Do we really need San Antonio?
Despite an aesthetic best described as “Paris circa World War II but with more crumbling buildings”; a stretch of waist-deep garbage water running through the town like a dysenteric artery, dotted with chain restaurants and tacky tchotchke shops; and a tourism economy built on an old adobe shed that takes 10 minutes to stroll through, S.A. is one of Texas’ most important cities and a hub of state history.
So why are some San Antonians trying to pick a fight with the great city of Austin?
On Wednesday, MySA published “10 reasons to hate Austin beyond their breakfast-taco arrogance.” To be honest, our feelings are hurt. Wounded, even. Austin doesn’t have any particular quarrel with the Alamo City, aside from their Meek-Mill-esque desire to start a beef with our state’s capital city.

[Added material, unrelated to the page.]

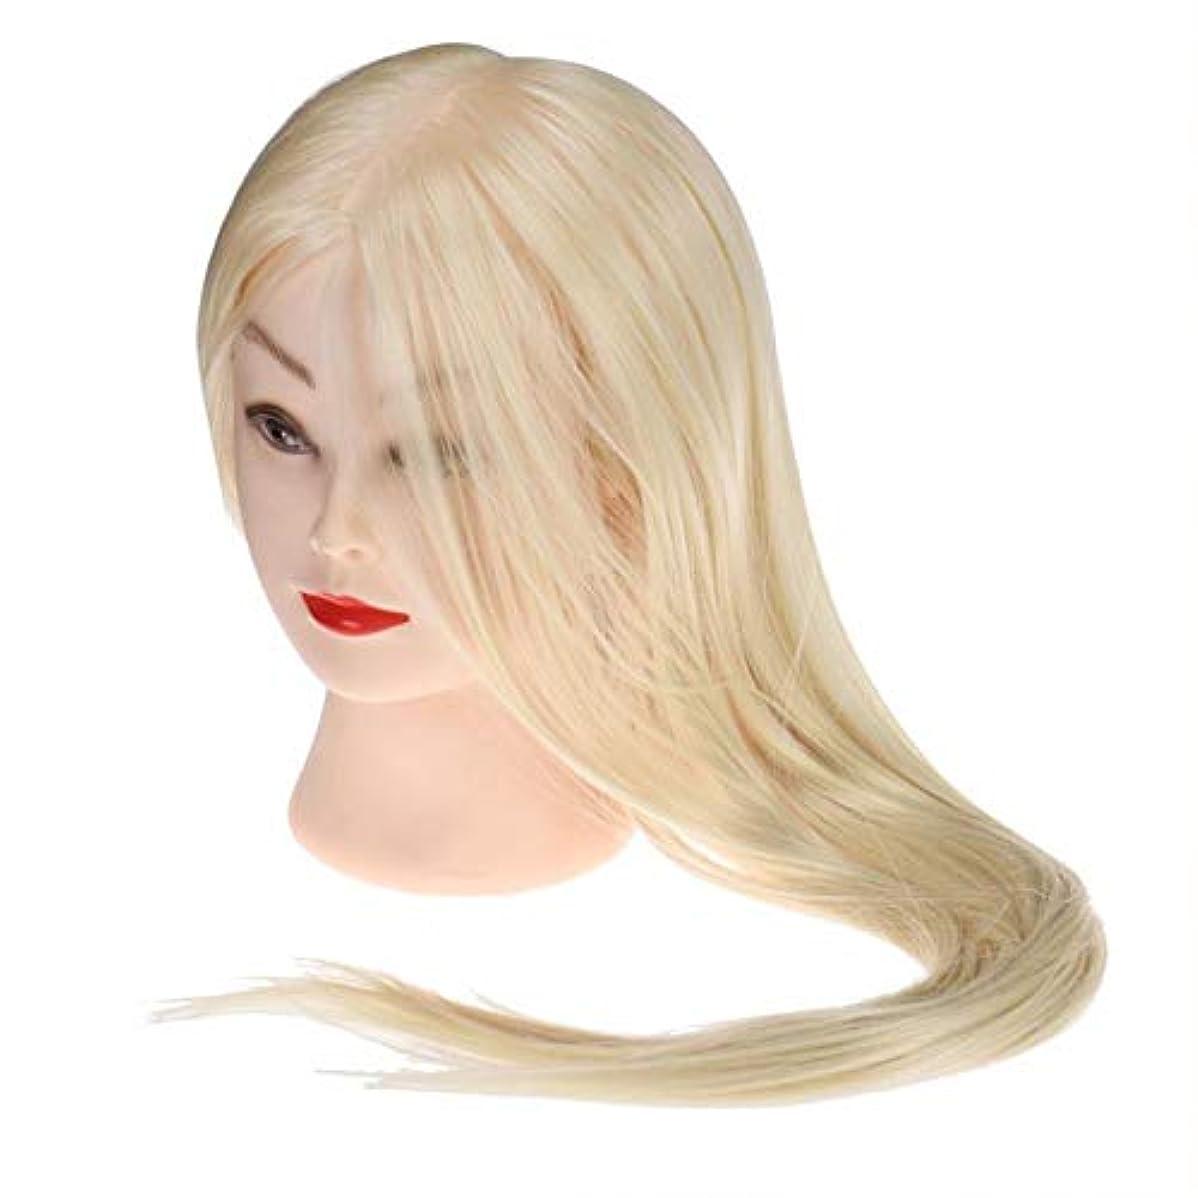 風が強いスピリチュアル白菜サロン散髪練習ヘッドモデルメイク学校編組髪開発学習モデルヘッドヘアストレートロングかつら

MySA’s hopefully tongue-in-cheek smear campaign stemmed from, of all things, a now-infamous Eater Austin article positioning the Violet Crown as the cradle of breakfast taco civilization: “But, did you hear or see anyone from Austin publicly disavow the piece or its clearly wrong assertion that Austin, eager to declare itself the capital of anything, is the breakfast taco destination?”
Well, there are enough tacos to go around, friends. No need to tear each other down.
In the name of Lone Star brotherhood, let us bury the proverbial tortilla-wrapped hatchet. San Antonio, you’re welcome to come take in all the wonders of our city anytime you want. (If you don’t mind a little traffic.) Instead of further sowing hatred, here are 10 reasons to love Austin:
• The outdoors. Austin is one of the most beautiful places in Texas, home to Barton Springs Pool, Lady Bird Lake, bike paths galore, Zilker Park, the Barton Creek Greenbelt, Mount Bonnell and a whole mess of bike paths and running trails.
• The weirdness. Listen, we’ll admit it. Maybe Austin is a little less wacky since the days of the cosmic cowboys. But we’ve got horses trotting down Congress Avenue, a whole 5K dedicated to strangeness, Ginny’s Little Longhorn Saloon, Peter Pan Mini Golf, Esther’s Follies, flying ice cream, massive lines to buy smoked meat … c’mon.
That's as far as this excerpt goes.